Никакой тебе обычной немецкой педантичности с разворотом в стрелковую цепь по фельдфебельскому свистку. Никакого тебе: «Айн, цвай, драй…» – ритма.
– Заряжай! – сам себе скомандовал Сидоренко.
А больше ведь и некому уже скомандовать. Весь его расчёт лежит уже, кто на чёрном краю воронки, кто у сошников лафета. Остался только парнишка-наводчик – подарок судьбы, бог весть откуда взялся – и расспросить некогда было, сказал: «Умею!» И впрямь сумел.
Сидоренко схватил из разбитого ящика снаряд, кинул в казёнку, выглянул снова в окошко.
Валят, что горох из прохудившегося куля. Срывают на ходу шинели.
– Наводи… – уступил место вихрастому своему наводчику.
Тот умел бить прямой наводкой, не заглядывая в дуло, чуть ли не на ощупь. Но сейчас отчего-то не бил.
Поручик обернулся.
В пухлых губах паренька улыбка блуждала самая идиотская.
Поручик даже опешил:
– Ты чего?

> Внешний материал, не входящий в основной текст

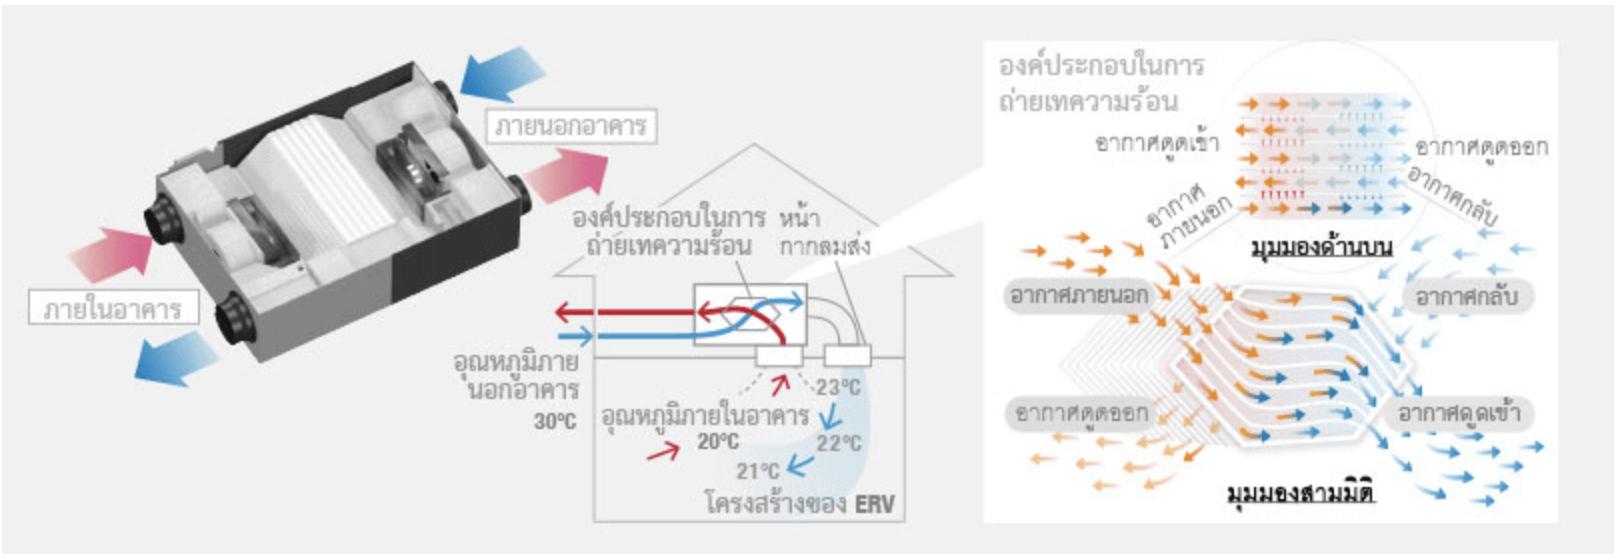 ระบบระบายอากาศ Panasonic – ภาพแสดงการทำงานของระบบพัดลมระบายอากาศที่ช่วยหมุนเวียนอากาศภายในห้อง ปรับสมดุลความชื้น ลดสารก่อภูมิแพ้
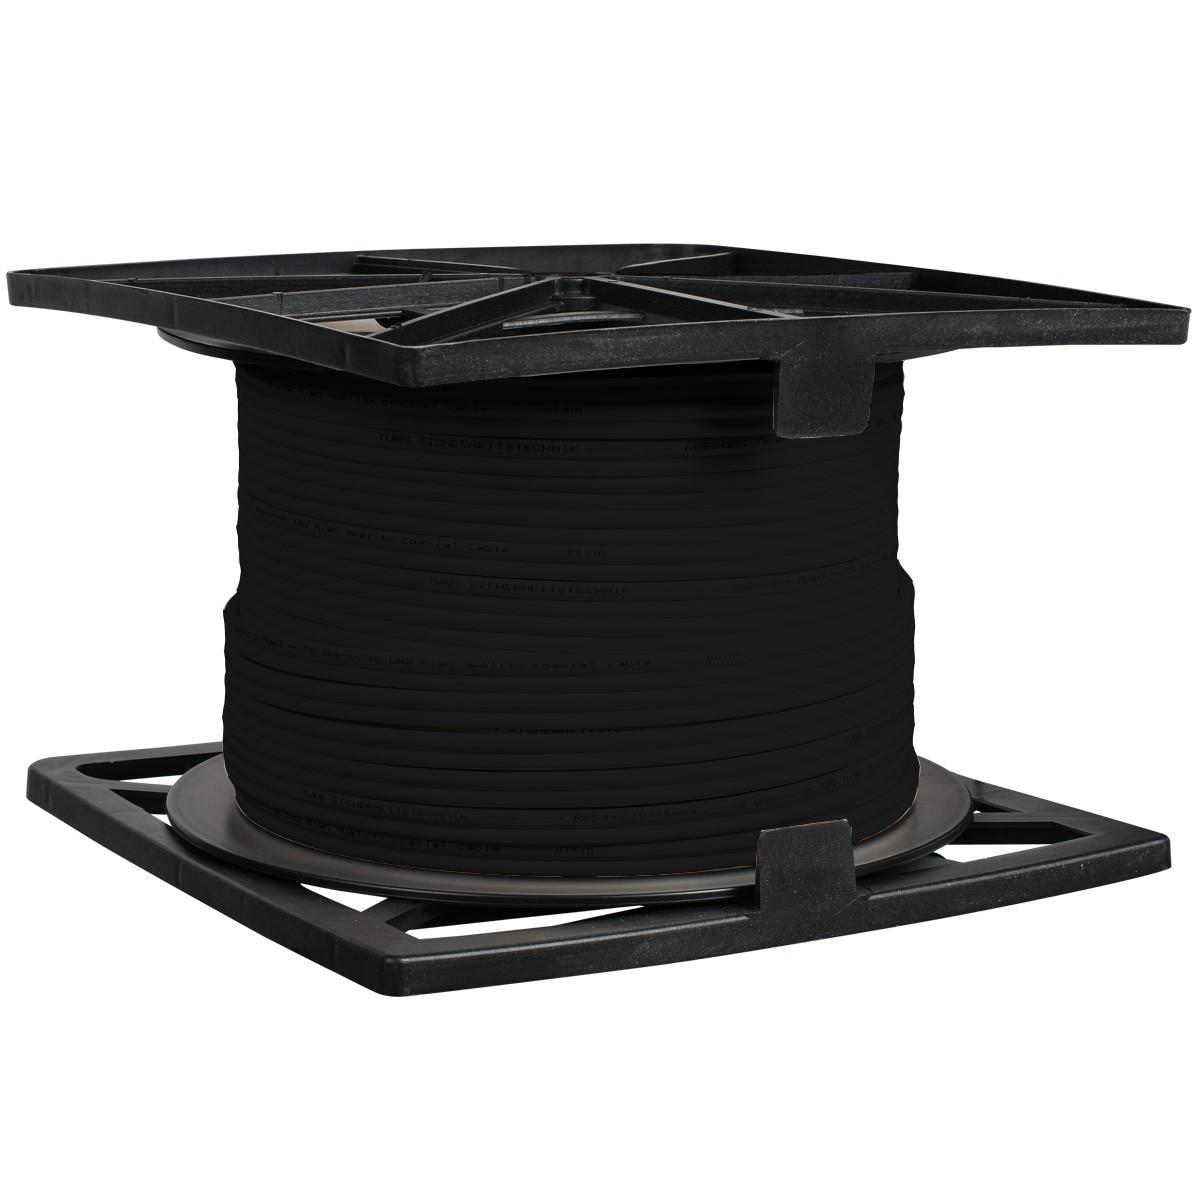 TURM Koax Kombikabel 305m Video/Strom für Videoüberwachung, RG59+2x0,75qmm für Überwachungskameras b

Стреляй давай.
– Не надо стрелять, – покачал ушастой головешкой паренёк. – Там мой брат.
Мемуар:
Фельдмаршал лорд Гораций Герберт Китченер, военный министр Великобритании:
«Если флот прорвется, Константинополь падёт сам, а вы одержите победу… не в сражении, а в войне».
(Напутственное слово генералу Гамильтону)
ГЛАВА 16. И ОПЯТЬ ЖЕЛЕЗНОДОРОЖНЫЙ УЗЕЛ ОБЕРТАУ
Вадим
Что бы там ни имел в виду доктор Бурденко, настаивая: «И покой, милостивый государь, совершенный покой!» – но явно не то, чтобы, намертво вцепившись в поручни, хоть и с умиротворённой гримасой, пациент его мчался на носу паровоза. Стоял прямо под клёпаной крышкой с цифирью, точно резная фигура под бушпритом галеона, утопая то и дело в дыму и пару.
Арина, оставшаяся в двери кабины, просто извелась вся, выглядывая:
«Как он там?..»
Но всё, что она могла сделать, – заранее туго забинтовать оперированную голову Вадима и настоять, чтобы не «лихачил»: вынул, как все пехотные, металлический ободок из фуражки, чтобы опали, обвисли поля – так уж точно не слетит, а главное – не будет рвать ремешок на ветру и «ломать» голову.
В кабине оставались ещё Порфирий с Кузьмой – как без них?
Кира же, оправдывая репутацию «барышни нервической», всё время до того страшно горячившаяся, вдруг впала в ступор, уставившись огромными чайными глазами прямо перед собой. О чём думала?
Марта, в этот раз понятливо, не порывалась даже забраться в «Кукушку» и ехать со внезапной компанией – и некуда, да и без того наверняка заслужила розыск своей персоны полевой жандармерией немцев.
До «узловой», Обертау, было совсем недалёко, но Порфирий предпочёл разогнаться – и от его «предпочтений» спина у Кузьмы была уже разрисована угольными бороздками пота. Так что ему уже и всё равно было, что там творится за пределами ревущей топки, и чем всё закончится.
А разницы – там и тут – было немного.
Чем ближе к станции, тем больше там было от «топки», от «адовой», – по крайней мере именно так и казалось старому машинисту Порфирию. Но некогда было не то, что испугаться, но даже подумать: «И кой чёрт меня утянул в эту адову топку?»